R|t matrix (used as camera pose matrix)
In practice,you want to turn this into a 4x4 homogeneous matrix where the
bottom row = 0 0 0 1
That allows square matrices to be multiplied together.  
Some of the types of 4x4 homogeneous matrices that can be combined by matrix multiplication.
https://sinestesia.co/blog/tutorials/python-cube-matrices/

  Essential Matrix: Not to confuse things too much, but the R|t matrix can be defined as a 3 x 3 matrix called the essential matrix. It is not used in this blog post.  I just wanted to drop a note about it.  It is typically used to find the 3D point correspondence from two camera poses.  The essential matrix associates a 2D point in an image with a line that exists in both camera images.  However, to create the essential matrix the 3 x 3 Rotation matrix is multiplied by the Skew Symmetric form of the translation vector t.  You can retrieve R and t from the essential matrix.  Check the Wikipedia page for Essential matrix.  Look at the section "Determining R and t from E".

--

I started to use the Intel Realsense cameras while at the same time learning linear algebra.  Because I didn't know about the advantages that quaternions have when interpolating movement, I continued down the matrix path.   That meant the quaternion pose data needed to be converted to a rotation matrix.  Wikipedia has an article, but I found some code examples that allowed me to convert a quaternion to a rotation matrix, and a rotation matrix to a quaternion.  There were, of course, errros.  some were mine, and some were documentation.
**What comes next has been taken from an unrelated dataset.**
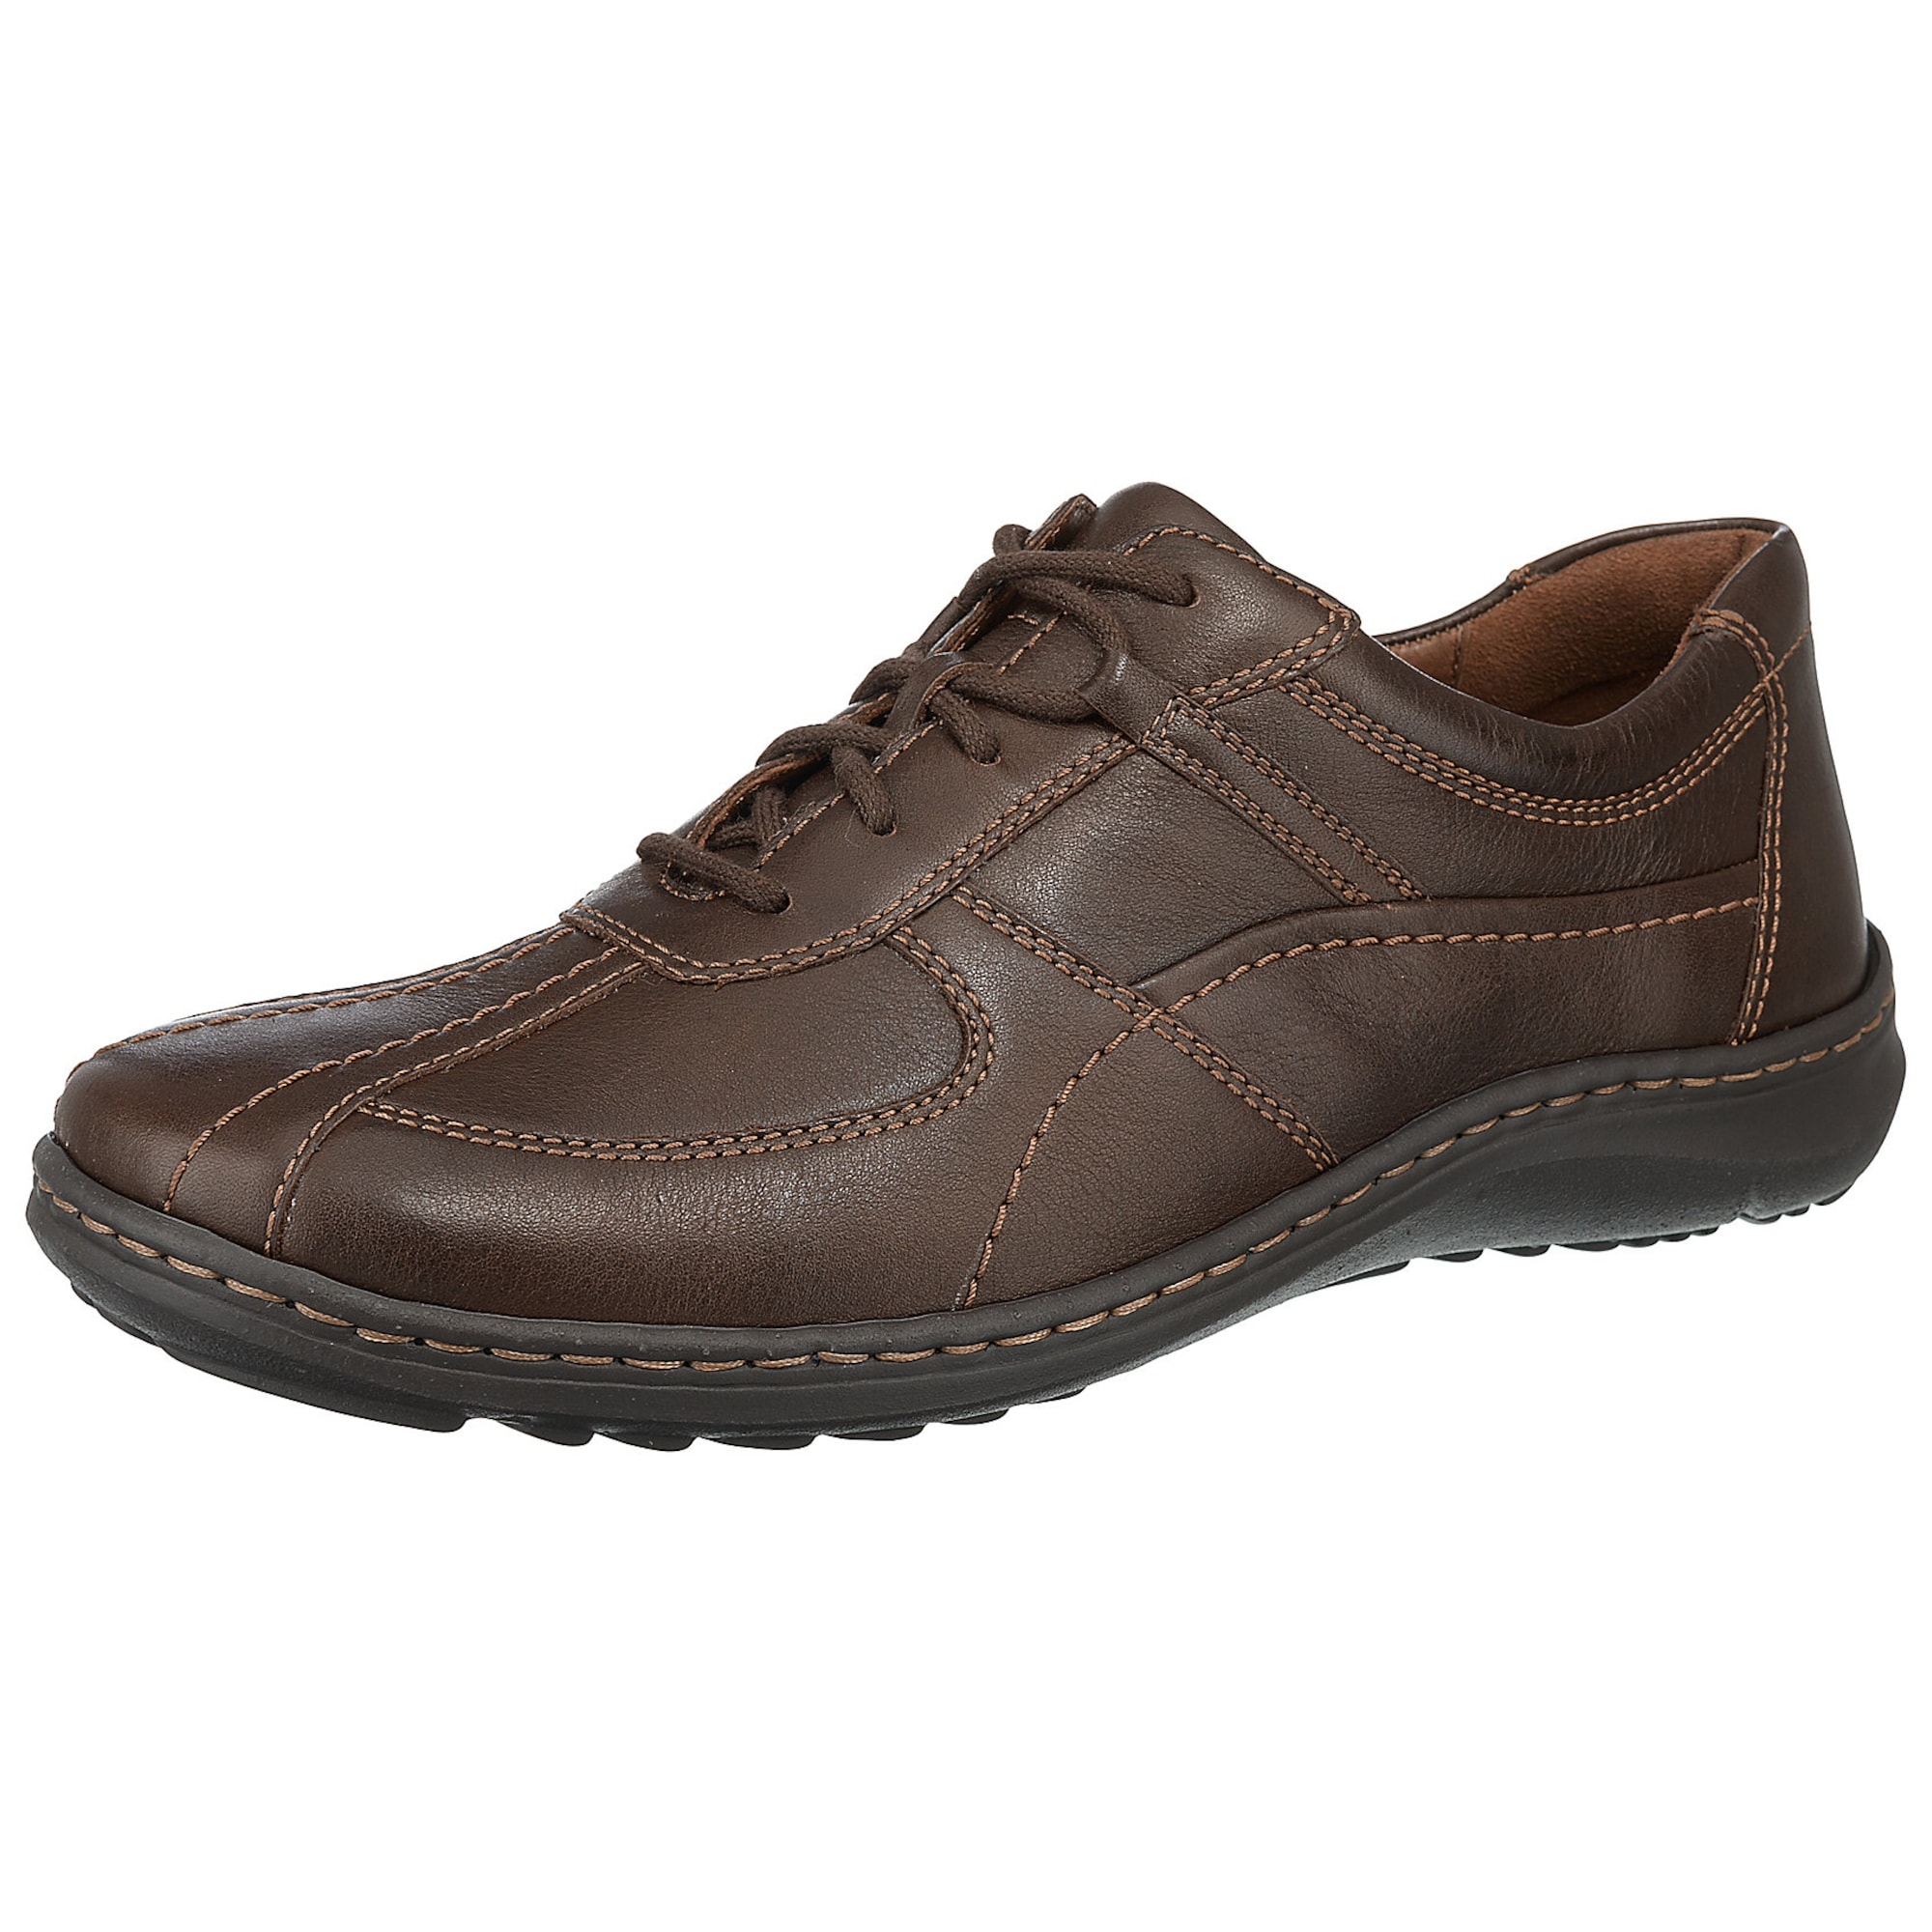 Halbschuhe 'Herwig' | Schuhe > Boots > Boots | WALDLÄUFER

The key shortcuts I needed are outlined here:

1) The T265 Pose axes are not in the same orientation as the D435.
D435 Pose axes

T265 pose axes


T265 Z and Y axis are rotated around x axis (in relation to the D435)
D435 above a T265.  Y axis revered, Z axis revered. X axis aligned.
You need an R|t matrix to get from T265 pose data to D435 pose.


2) The Quaternion value displayed is not in the order that most quaternion explanations use.  Most use the format where the real value is on the left, followed by the i, j, k complex valued to the right of the real.  The Realsense viewer places the real value on the right.
Realsense quaternions are displayed [x,y,z,w].  The display does not label the elements.
Most formulas would be formatted as [w,x,y,z], or  a+bi+cj+dk or qr, qx,qy,qz.  In all those cases the real is on the left, complex on right. 
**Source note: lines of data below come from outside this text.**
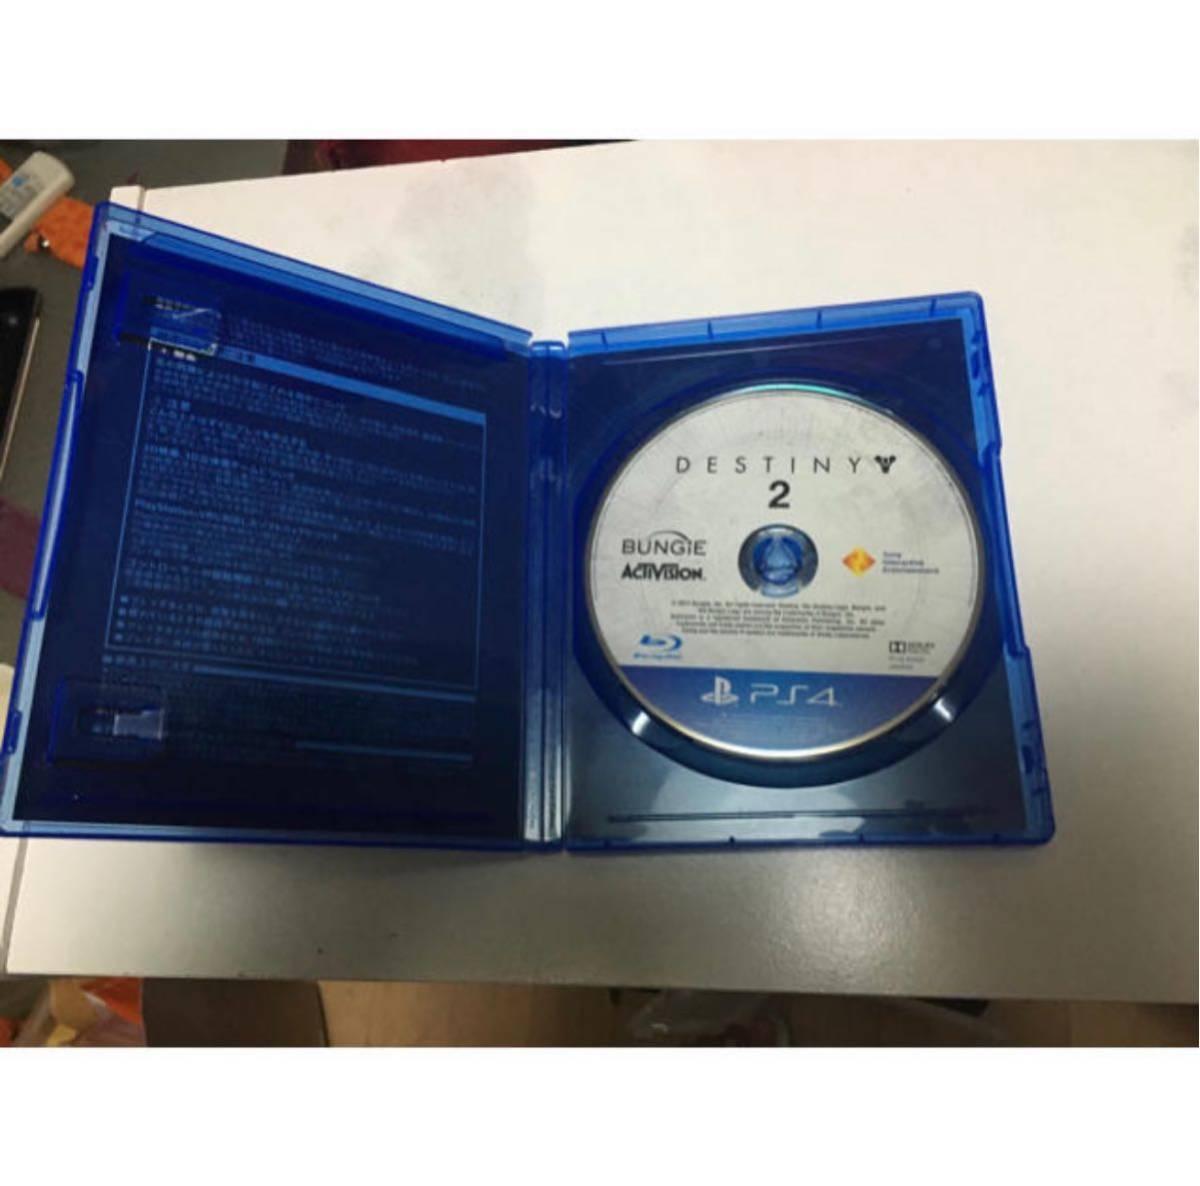 【PS4】 Destiny [通常版] Destiny(デスティニー) 1&2 PS4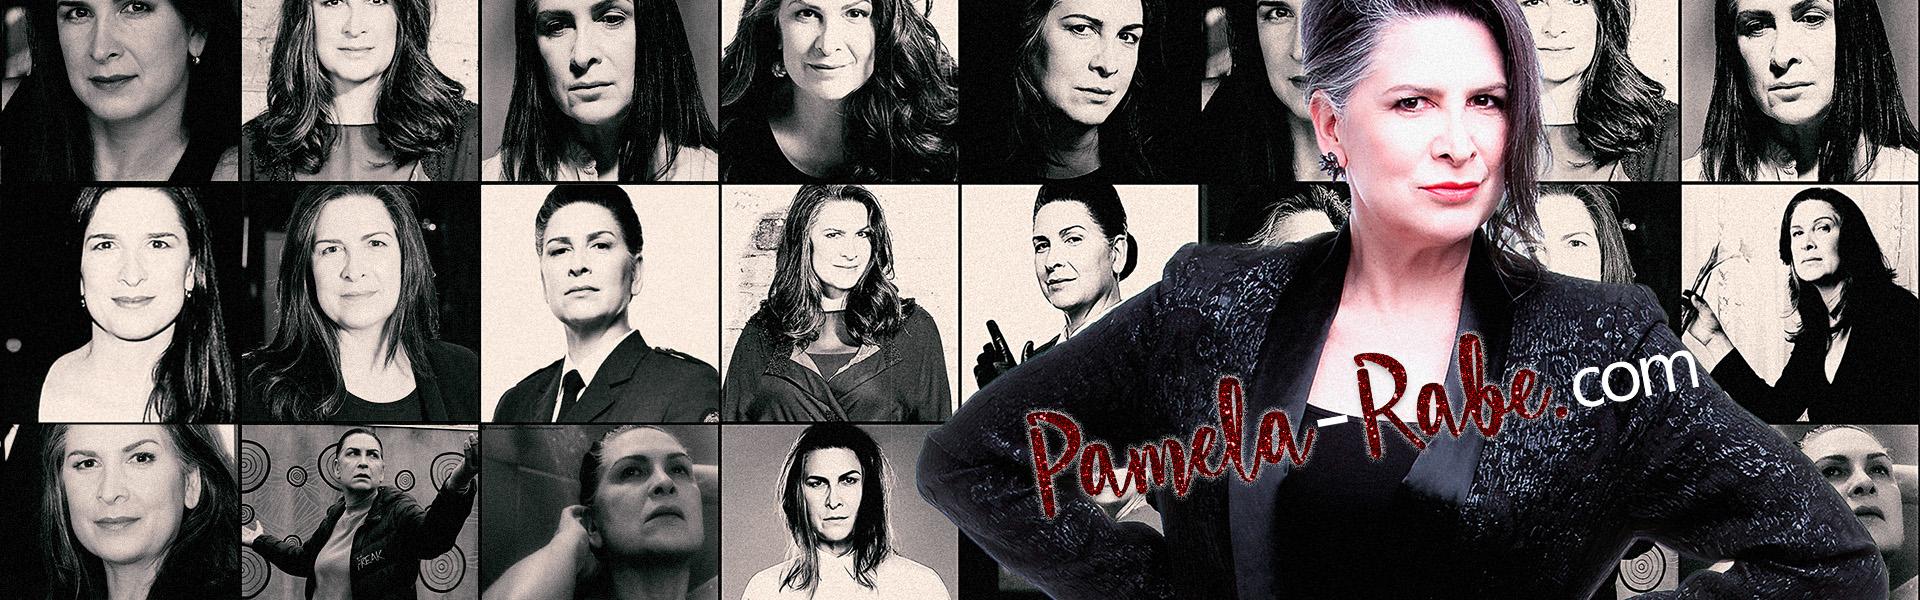 Pamela-Rabe.com | Pamela Rabe Fansite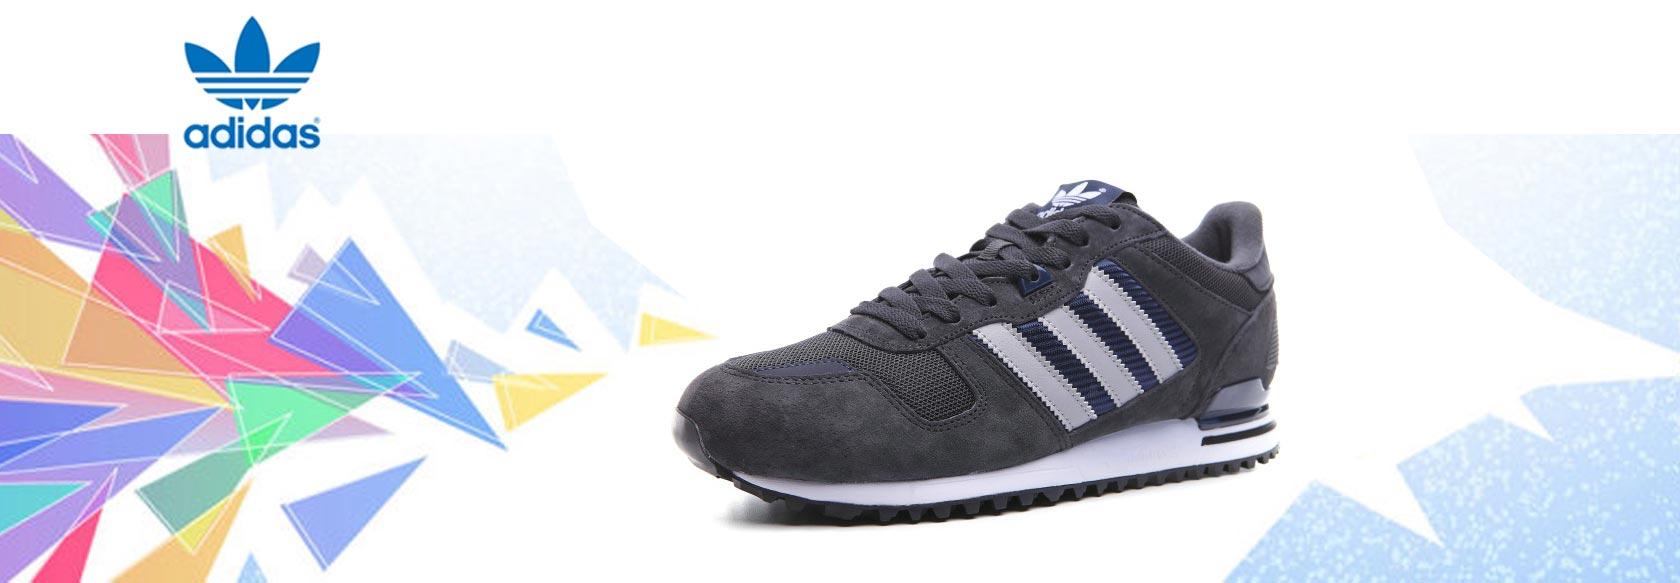 adidas鞋子 矢量图

3)  The T265 camera orients itself to gravity.  It decides where up is, then once it has a valid pose, it projects that x and z axes on the ground plane.  That's how it defines its world coordinates.


4) If you want to convert the quaternion to a Rotation matrix take a look at this site
https://www.euclideanspace.com/maths/geometry/rotations/conversions/quaternionToMatrix/index.htm  - But caution... There are errors in thier code.
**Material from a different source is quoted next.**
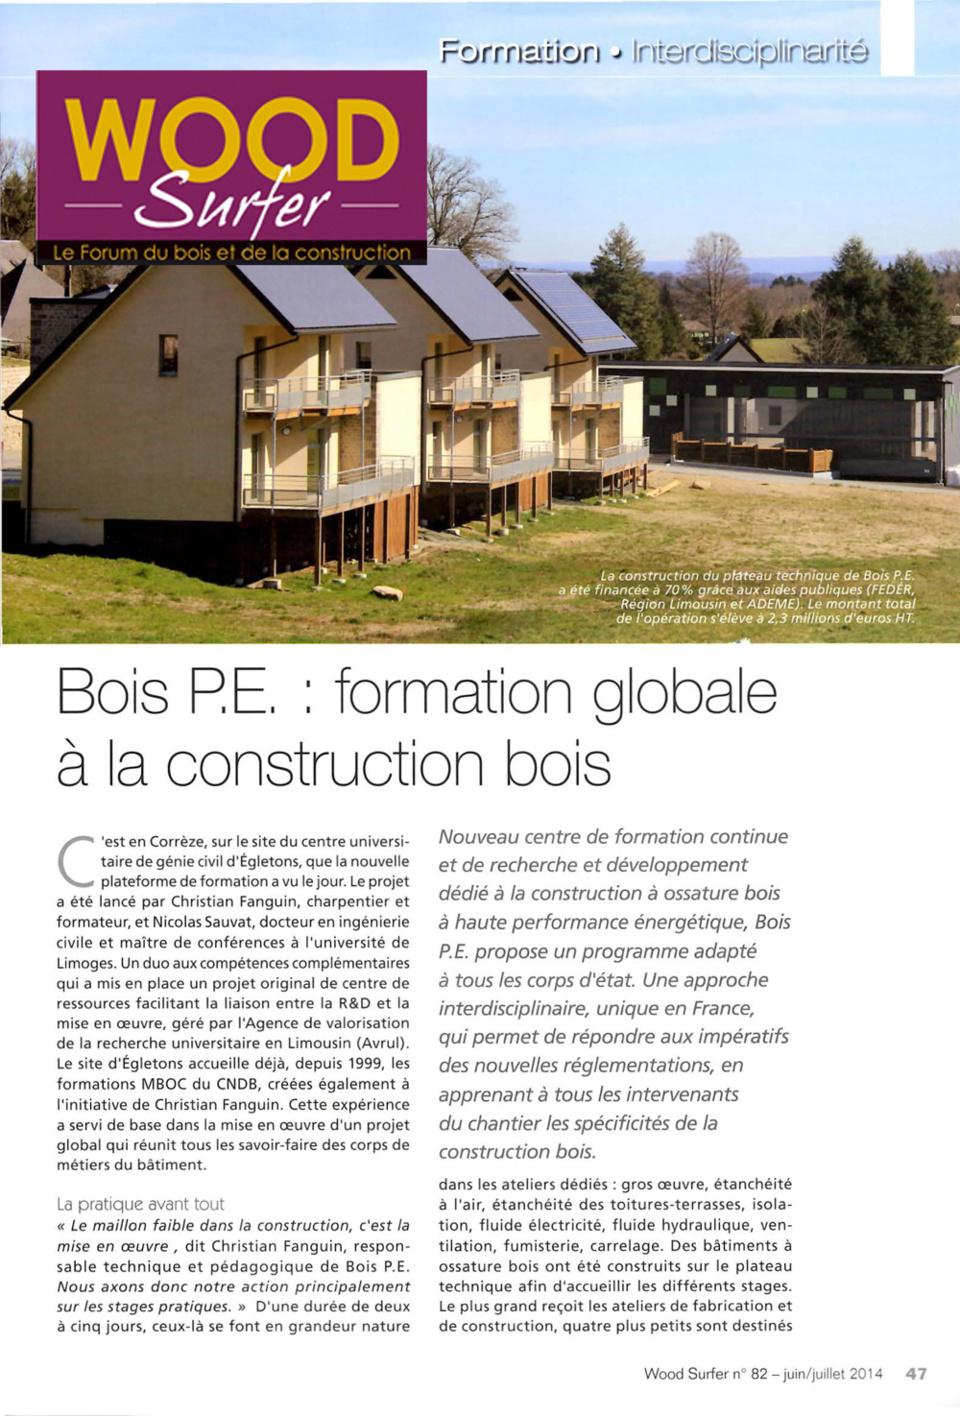 Wood Surfer Bois PE, formation globaleà la construction bois # Formation Construction Bois

or try Quaternion Derived rotation matrix on wikipedia, its just, um, Wikipedia, so you might need a masters degree to understand it.

Here is a link to my LabView code that will convert the quaternion to a rotation matrix
https://drive.google.com/drive/folders/1rJ3j662i-Naq2tXvlYXebeRyU57GD1RZ?usp=sharing
If you use it, you to take all the blame and give me all the credit.  And if you make something that is a financial success cut me in on the money.
oh boy, math.  that's fun.


5)  It is not easy to "see" how the quaternion converts to a rotation matrix.
  Here are some quaternion to rotation matrix examples






6) Have a look at the 3 blue one brown collaboration with eater.net to Visualize Quaternions
It is the most helpful thing on the internet regarding quaternions.